There are some limitations to be noted. Firstly, we only genotyped rs1884613 under the hypothesis that rs1884613 may be in LD with other P2 promoter variants. It may not stand for the whole P2 promoter variants in the Han Chinese population, although previous findings have shown the P2 promoter variants are in high LD with each other in Europeans [16]; therefore the SNPs across the promoter and coding regions of HNF-4α with T2D and prediabetes should be further evaluated in future studies with different populations. Secondly, some populations in our meta-analysis consisted of the T2D cases from families with history of T2D. This may have confounded the results of the current meta-analysis. Thirdly, due to a lack of the detailed genotype frequency in most studies, the current meta-analysis only adopted the additive model that may not be the best heritable mode for this polymorphism. Fourthly, only a few studies had prediabetes subjects; therefore we were not able to perform the meta-analysis between rs1884613 and prediabetes risk. Last but not least, large heterogeneity was observed in the population-based subgroup meta-analysis. Since the hospital-based studies usually tend to have higher heterogeneity, the high heterogeneity in population-based studies may be due to the fact that some of the patients came from the families with history of T2D.

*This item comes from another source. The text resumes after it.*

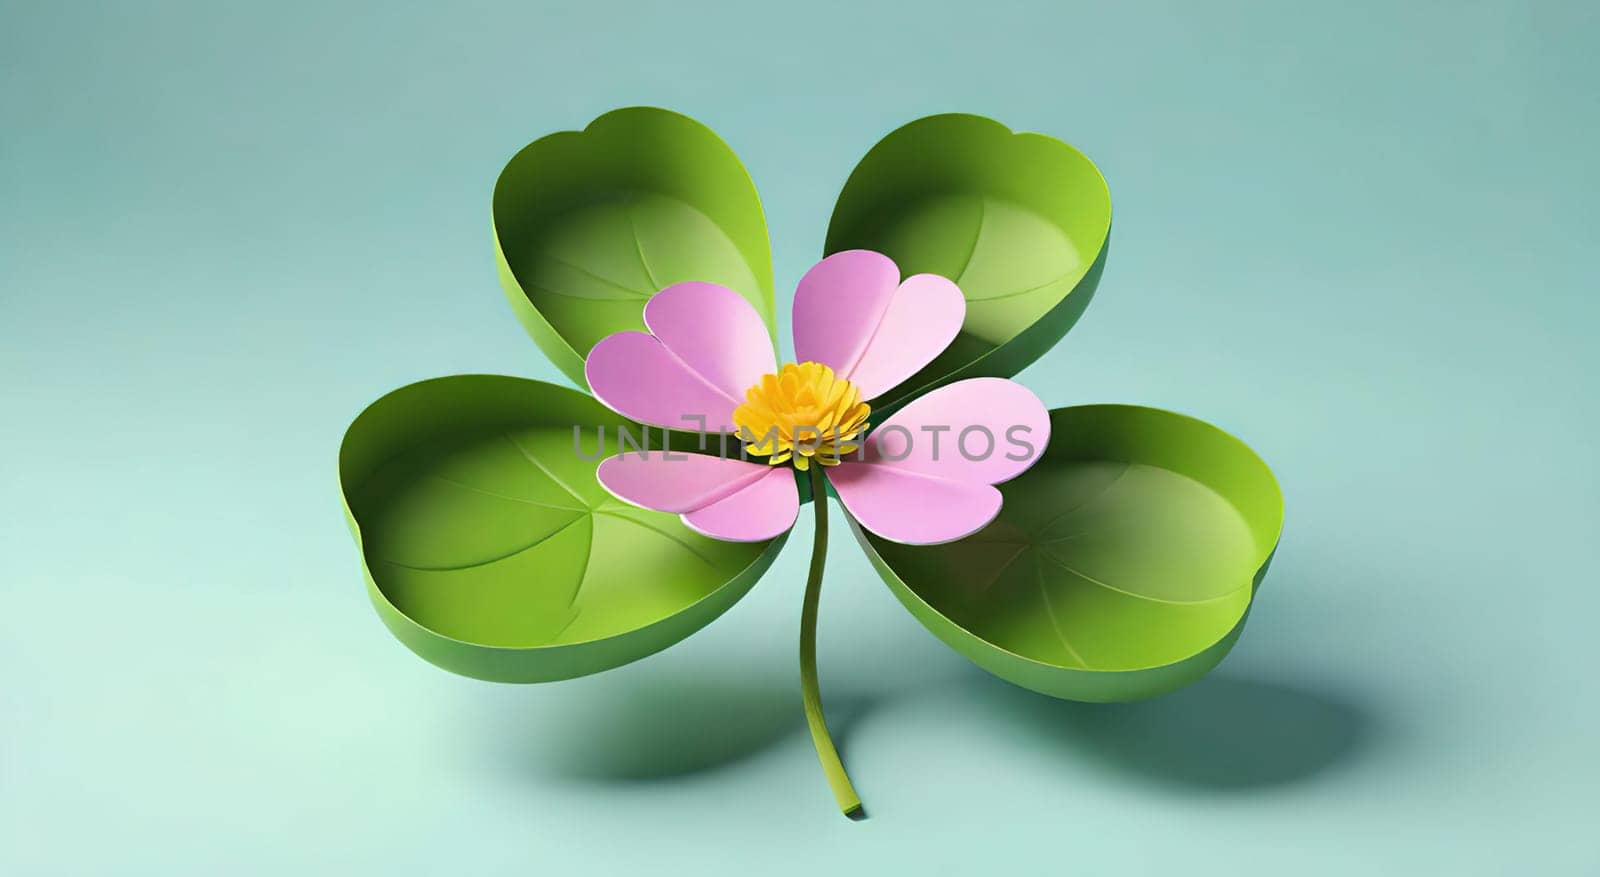 Clover with flowers on background. 3d illustration.3d render of four leaf clover with flower .clover leaf with flower.

In conclusion, our results suggest that rs1884613 of HNF-4α is associated with prediabetes in Han Chinese population, whereas this polymorphism may not play an important role in the risk of T2D according to our case-control study and the updated meta-analysis. Future study is warranted to explore the LD patterns in the P2 region among the T2D patients from different ethnic populations.